%%
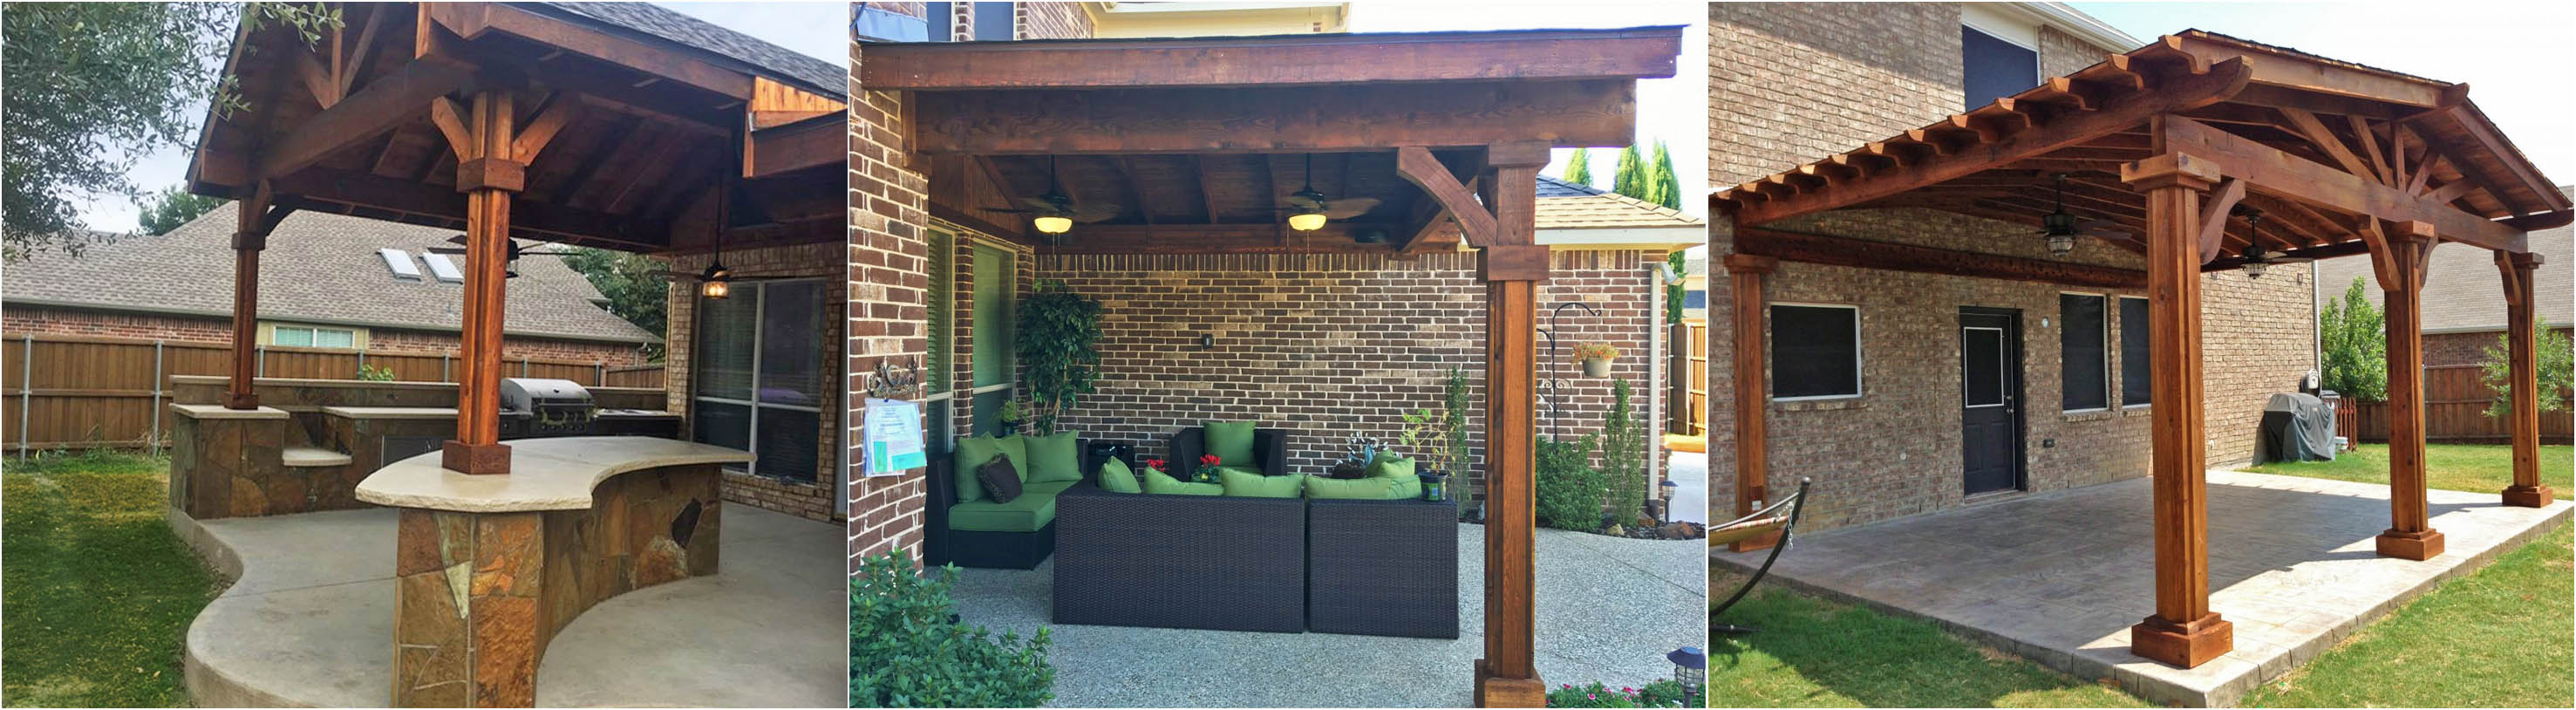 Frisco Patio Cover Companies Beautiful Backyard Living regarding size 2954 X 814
%%
%%
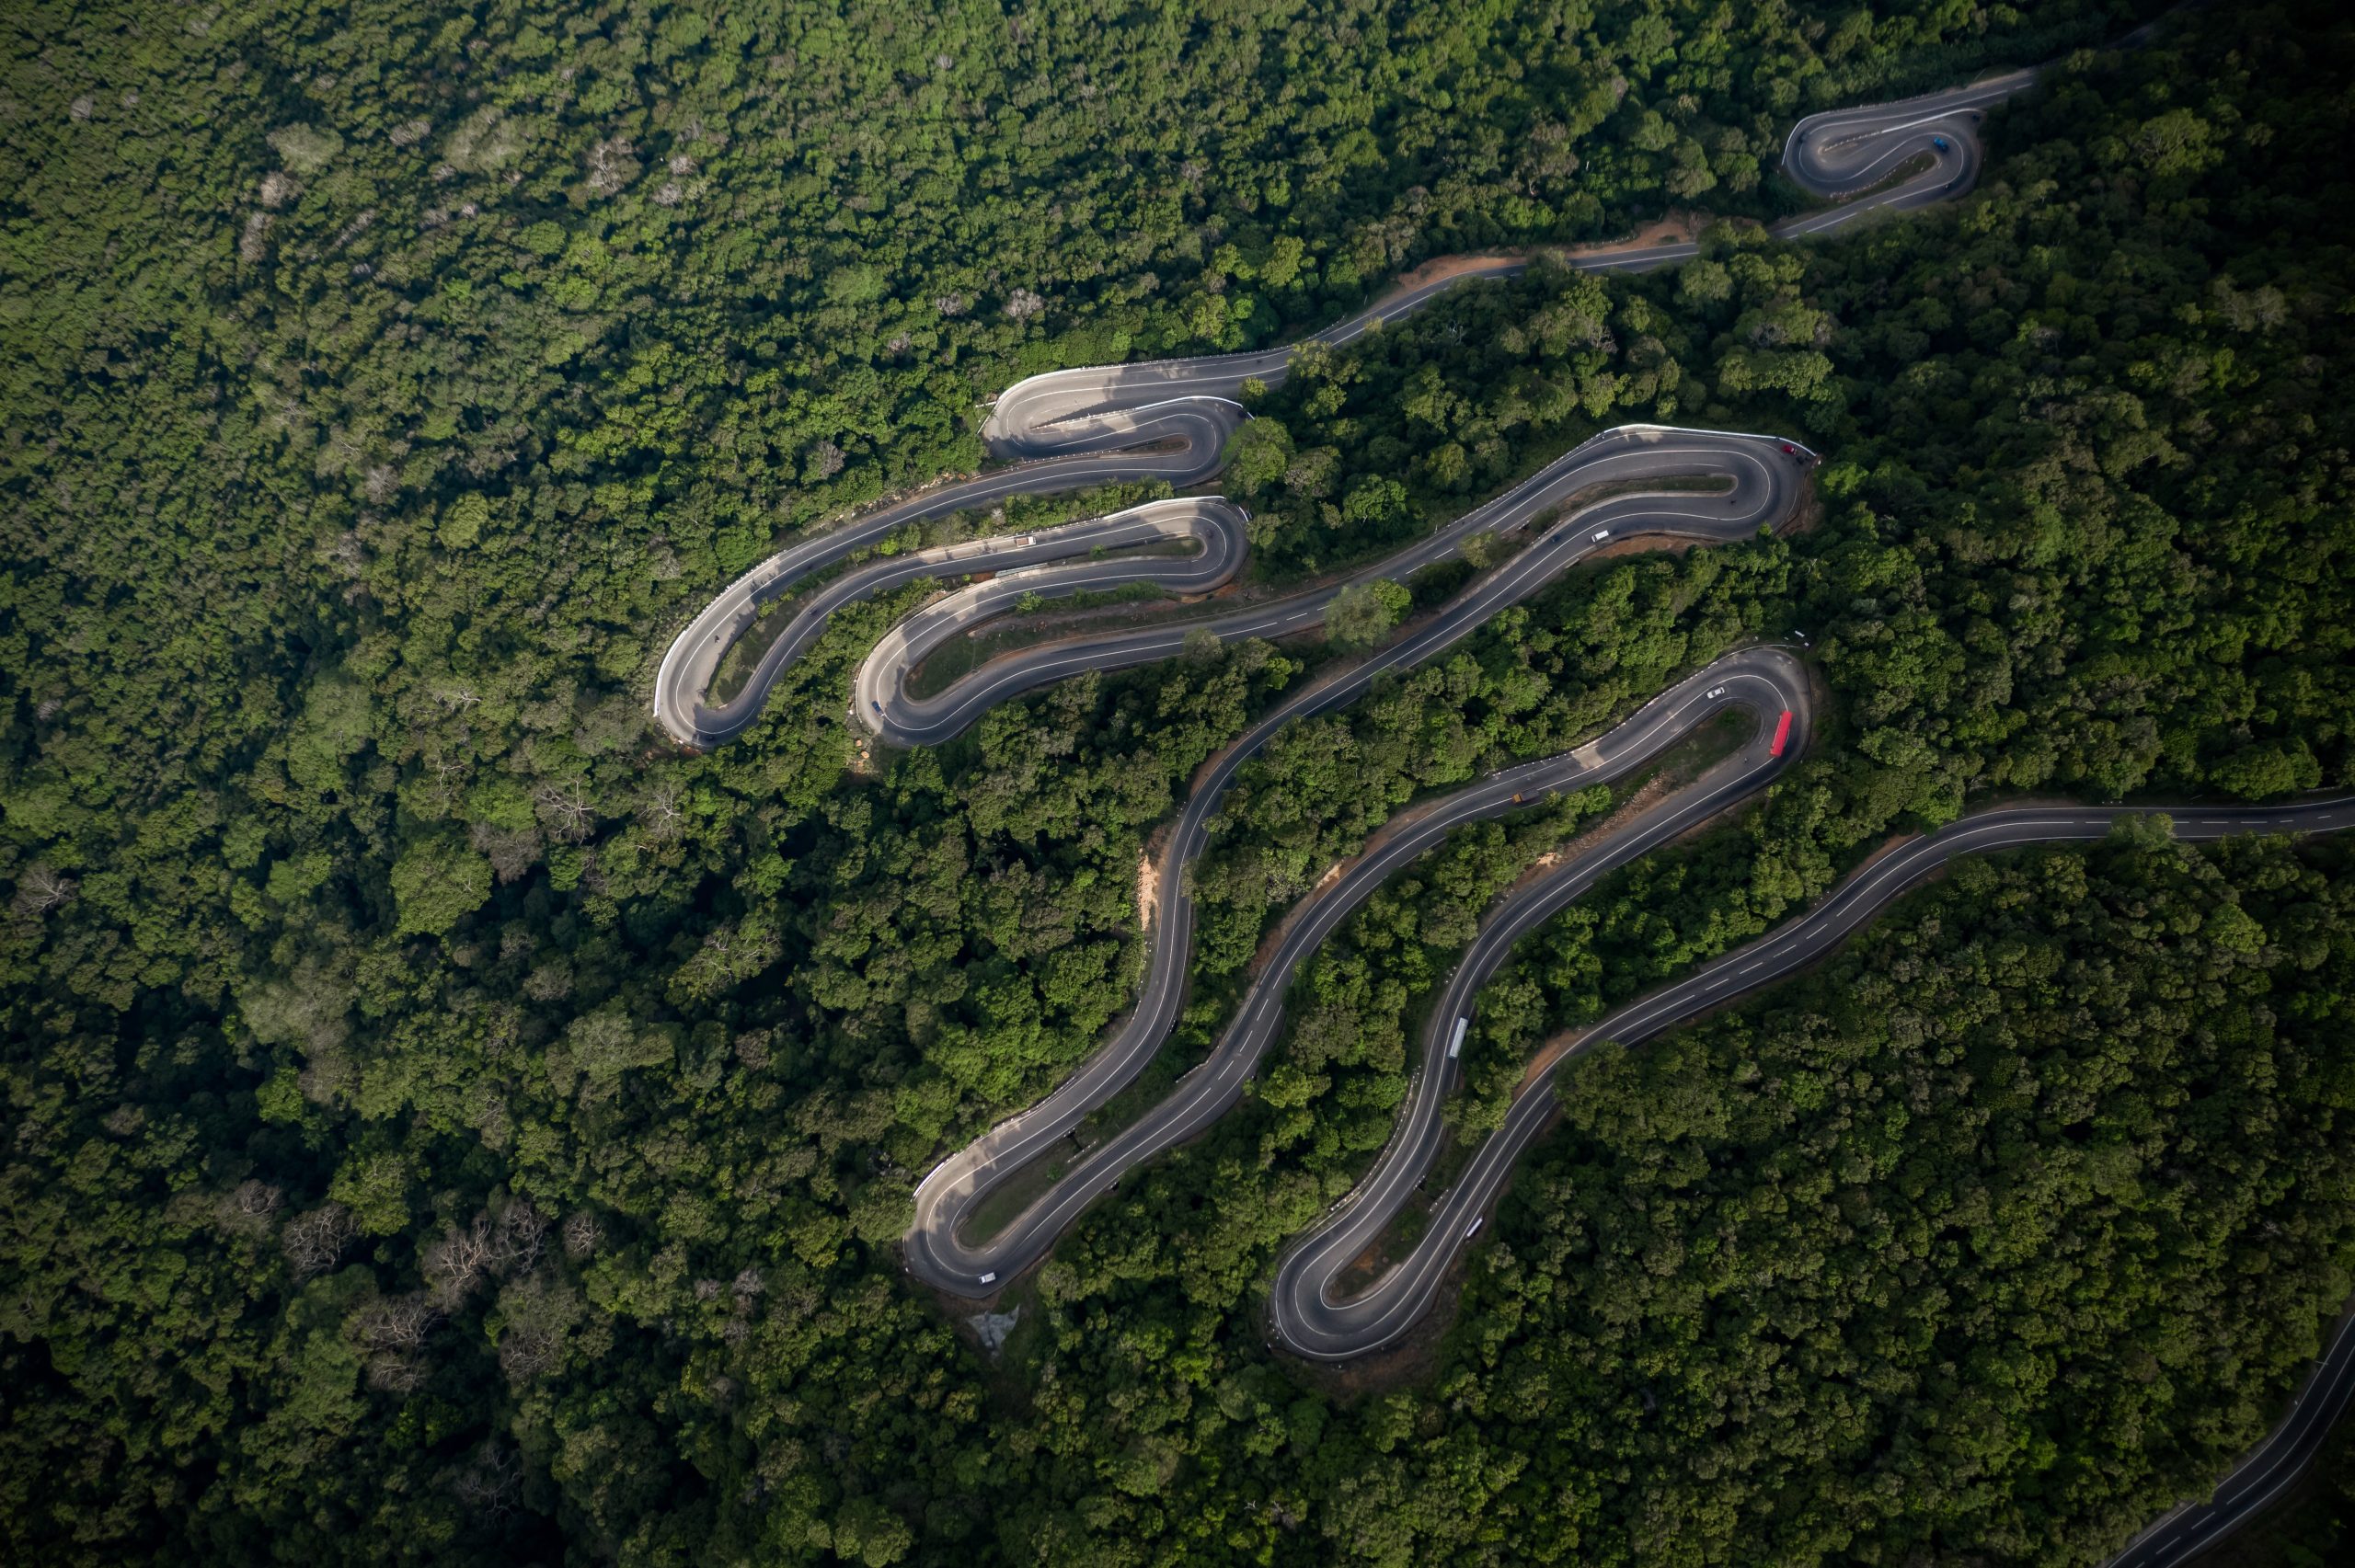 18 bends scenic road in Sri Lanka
%%
%%
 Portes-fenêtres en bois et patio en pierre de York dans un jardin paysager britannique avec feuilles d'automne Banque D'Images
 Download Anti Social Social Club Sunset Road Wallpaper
%%
### Work request
What you give back should be exactly the lines of the data above from the line with "Portes-fenêtres en bois" through the line with "Download Anti Social", both of those included, and nothing more.

### Solution for this exercise
 Portes-fenêtres en bois et patio en pierre de York dans un jardin paysager britannique avec feuilles d'automne Banque D'Images
 Download Anti Social Social Club Sunset Road Wallpaper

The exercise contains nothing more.